# otel.com - anyone reviews ?



## helllohello (6 Sep 2009)

We are getting a hotel with otel for half the price of other booking sites.
has anyone used them recently? any probelms?
payment is taken from credit card on booking which I dont like.
any comments welcome.


----------



## Sue Ellen (6 Sep 2009)

Did you have a read through reviews on Google?

You may find something on  and www.venere.com

Have you checked with the particular hotel themselves in case they have any special offers on for your dates?

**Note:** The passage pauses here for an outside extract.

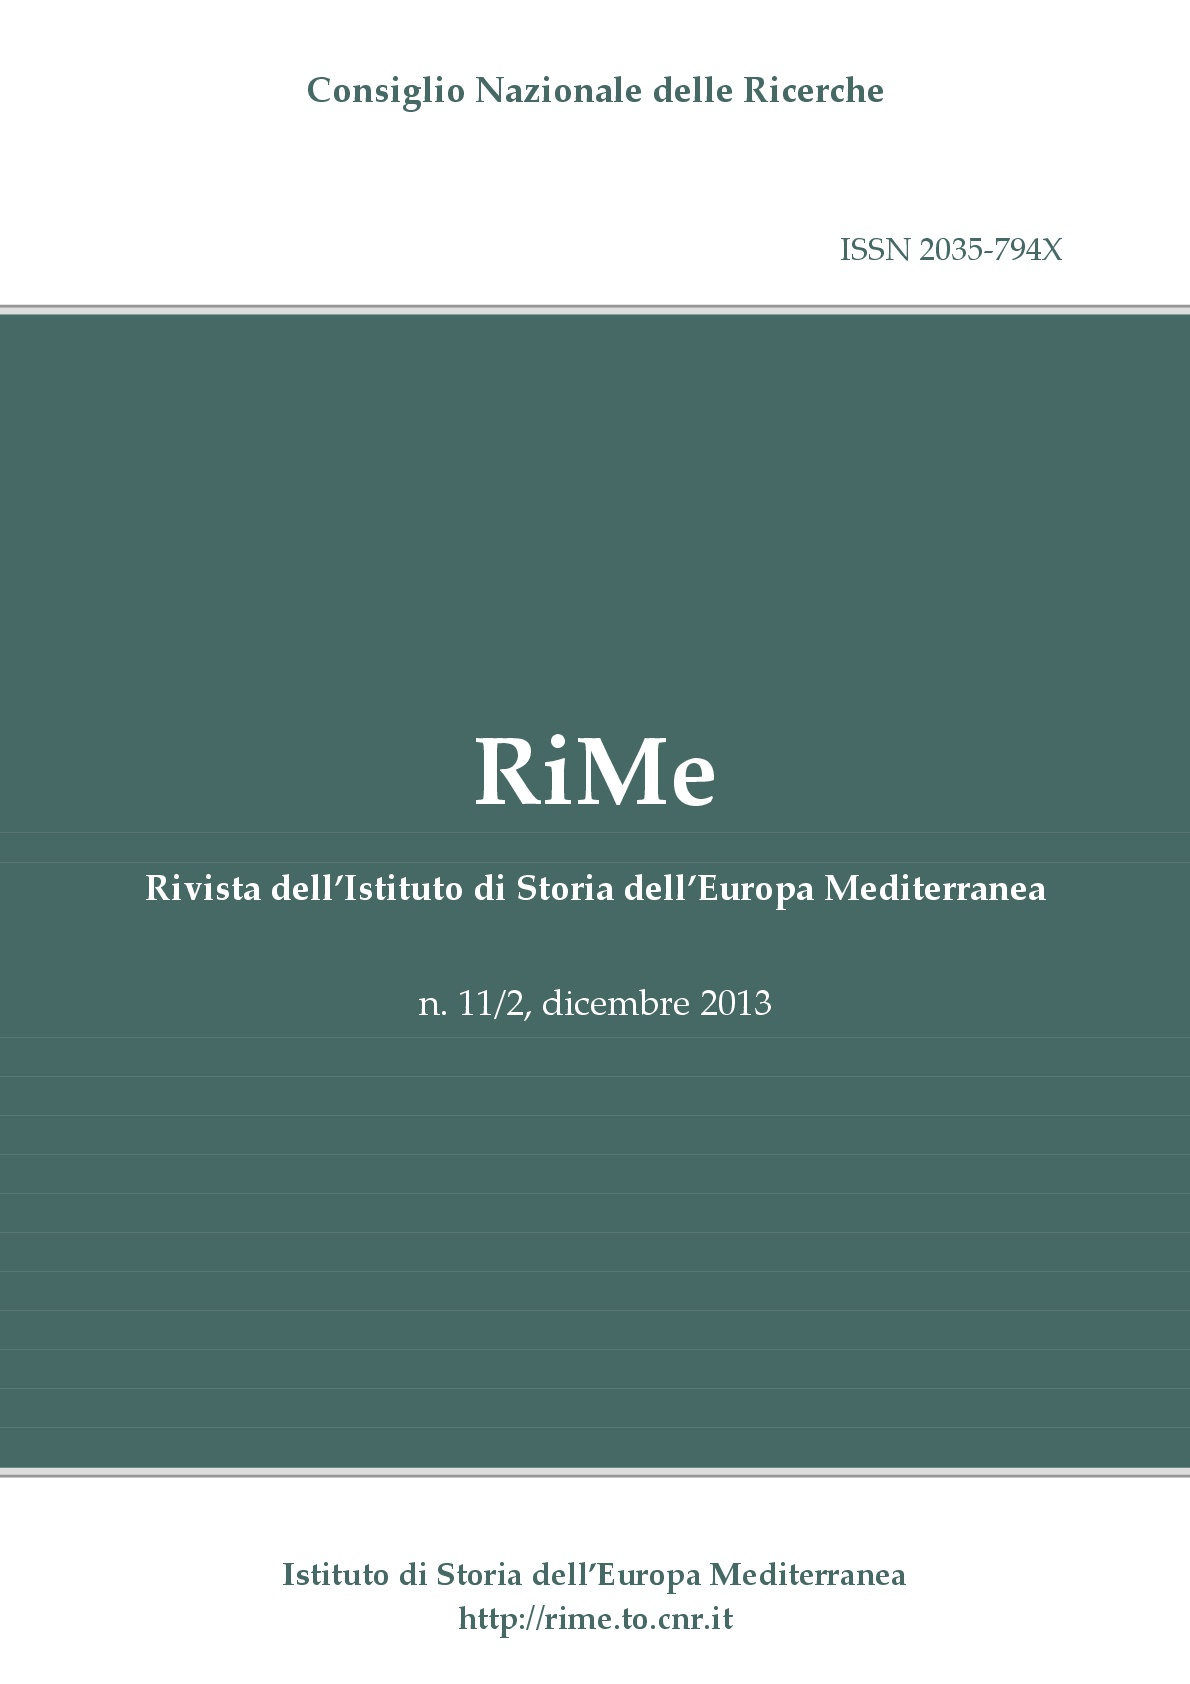 Vol. 11/2 (December 2013) cover

Don't forget that if anything goes wrong and you can't go you only lose the first night booking with the hotel rather than the full amount with the site.


----------



## helllohello (6 Sep 2009)

the hotel itself and other booking sites are all a lot more expensive than otel.com
there is 8 of us travelling so it is a good saving. 
they have no charge for cancellation up to 4 days before travel but the full price is taken from credit card now. 
I was just wondering if anyone had used this site before of if anyone had any problems with them.


----------



## PMU (6 Sep 2009)

I booked the Park Inn Alexanderplatz Berlin last December through Otel.com. No problems, and their rate was cheaper than the hotel's rate.


----------



## Perplexed (7 Sep 2009)

I've booked a few times through Otel.com and had no problems. If they're cheaper then go for it.


----------



## iggy (7 Sep 2009)

I am going to a wedding in the middle of this month. All rooms for the hotel are booked up but when surfing through the otel.com website I got a room for almost half the price of what the hotel charged the wedding guests!
I thought it was too good to be true especially when the confirmation email came in stating that the booking is handled through an office in Istanbul Turkey and the hotel had said that they were fully booked up.
I rang the hotel the next morning and was told that my booking was confirmed and all was in order, apparently they have to keep a certain number of rooms for some `hotelbeds` scheme.
So far so good!


----------



## helllohello (7 Sep 2009)

unfortunately I left it too long - went back to book it tonight on otel.com and price had nearly doubled. ended up getting a better deal on gtahotels.com. 
happy days!


----------